If you'd like to hear directly from me on what I'm up to at Microsoft, what's behind the Sysinternals operation, what new feature we're releasing in Process Monitor, and my views on Windows, operating system security, and more, check out my recent interview with TechNet Edge.

Pushing the Limits of Windows: Physical Memory

This is the first blog post in a series I'll write over the coming months called Pushing the Limits of Windows that describes how Windows and applications use a particular resource, the licensing and implementation-derived limits of the resource, how to measure the resource’s usage, and how to diagnose leaks. To be able to manage your Windows systems effectively you need to understand how Windows manages physical resources, such as CPUs and memory, as well as logical resources, such as virtual memory, handles, and window manager objects. Knowing the limits of those resources and how to track their usage enables you to attribute resource usage to the applications that consume them, effectively size a system for a particular workload, and identify applications that leak resources.

Physical Memory

One of the most fundamental resources on a computer is physical memory. Windows' memory manager is responsible with populating memory with the code and data of active processes, device drivers, and the operating system itself. Because most systems access more code and data than can fit in physical memory as they run, physical memory is in essence a window into the code and data used over time. The amount of memory can therefore affect performance, because when data or code a process or the operating system needs is not present, the memory manager must bring it in from disk.

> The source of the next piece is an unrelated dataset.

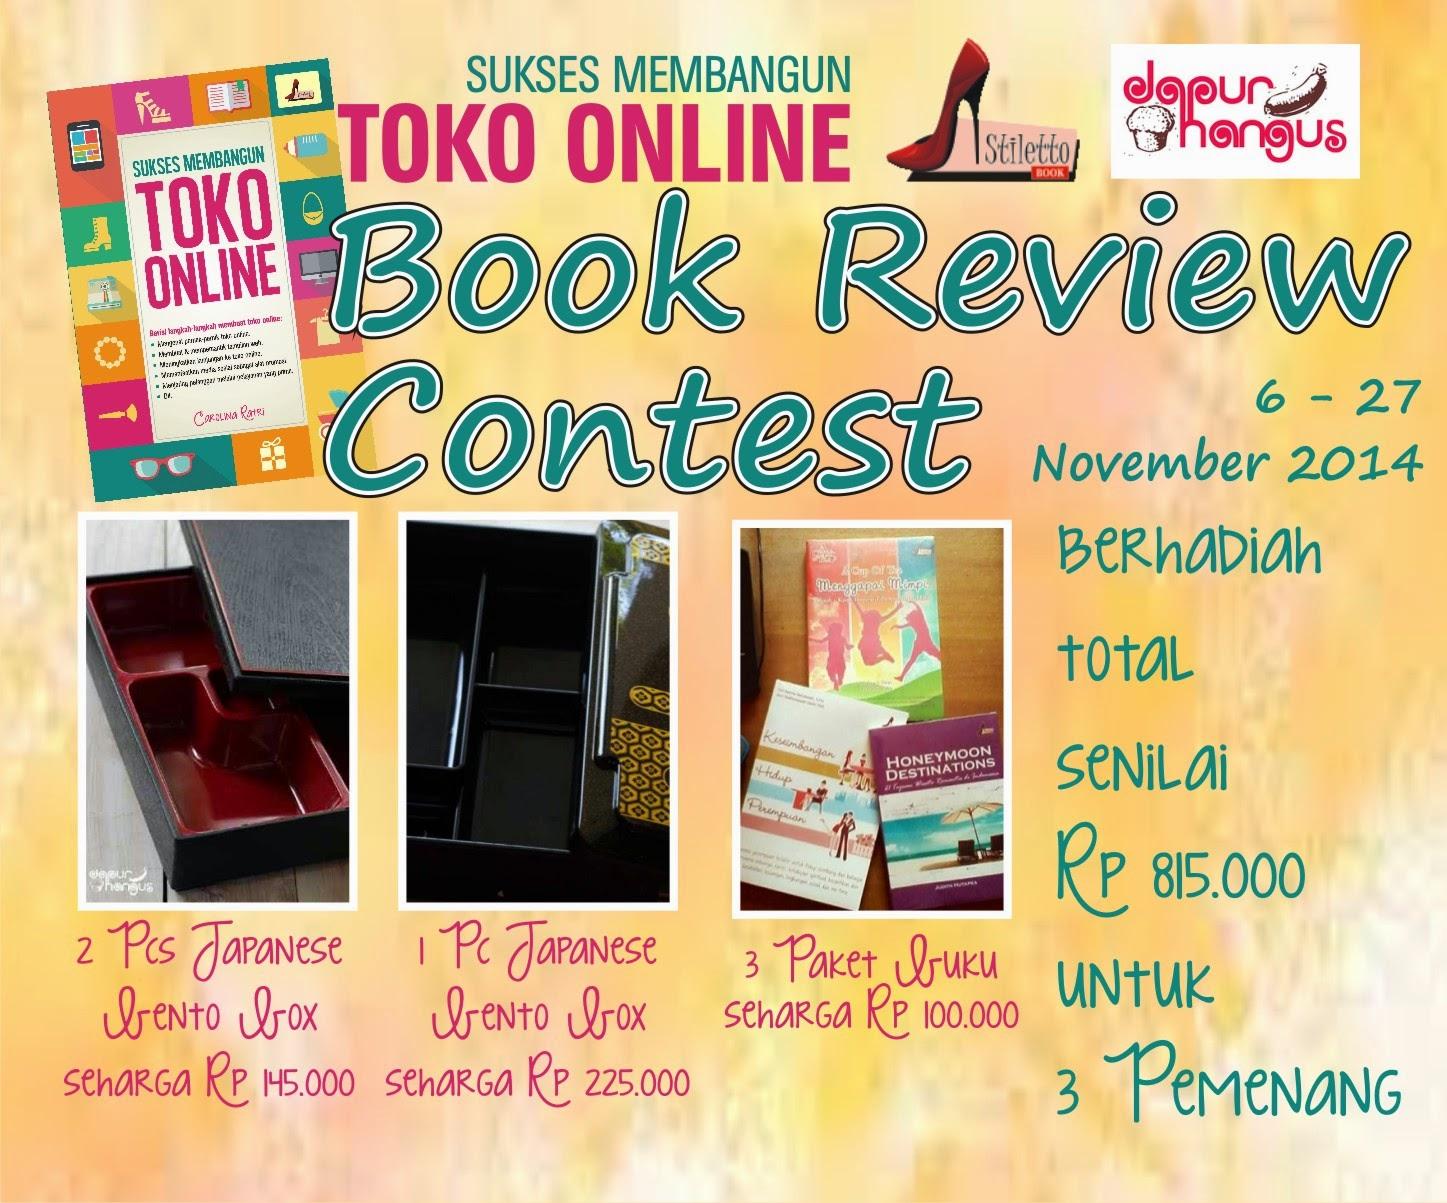 http://www.redcarra.com/sukses-membangun-toko-online-book-review-contest/

Besides affecting performance, the amount of physical memory impacts other resource limits. For example, the amount of non-paged pool, operating system buffers backed by physical memory, is obviously constrained by physical memory. Physical memory also contributes to the system virtual memory limit, which is the sum of roughly the size of physical memory plus the maximum configured size of any paging files. Physical memory also can indirectly limit the maximum number of processes, which I'll talk about in a future post on process and thread limits.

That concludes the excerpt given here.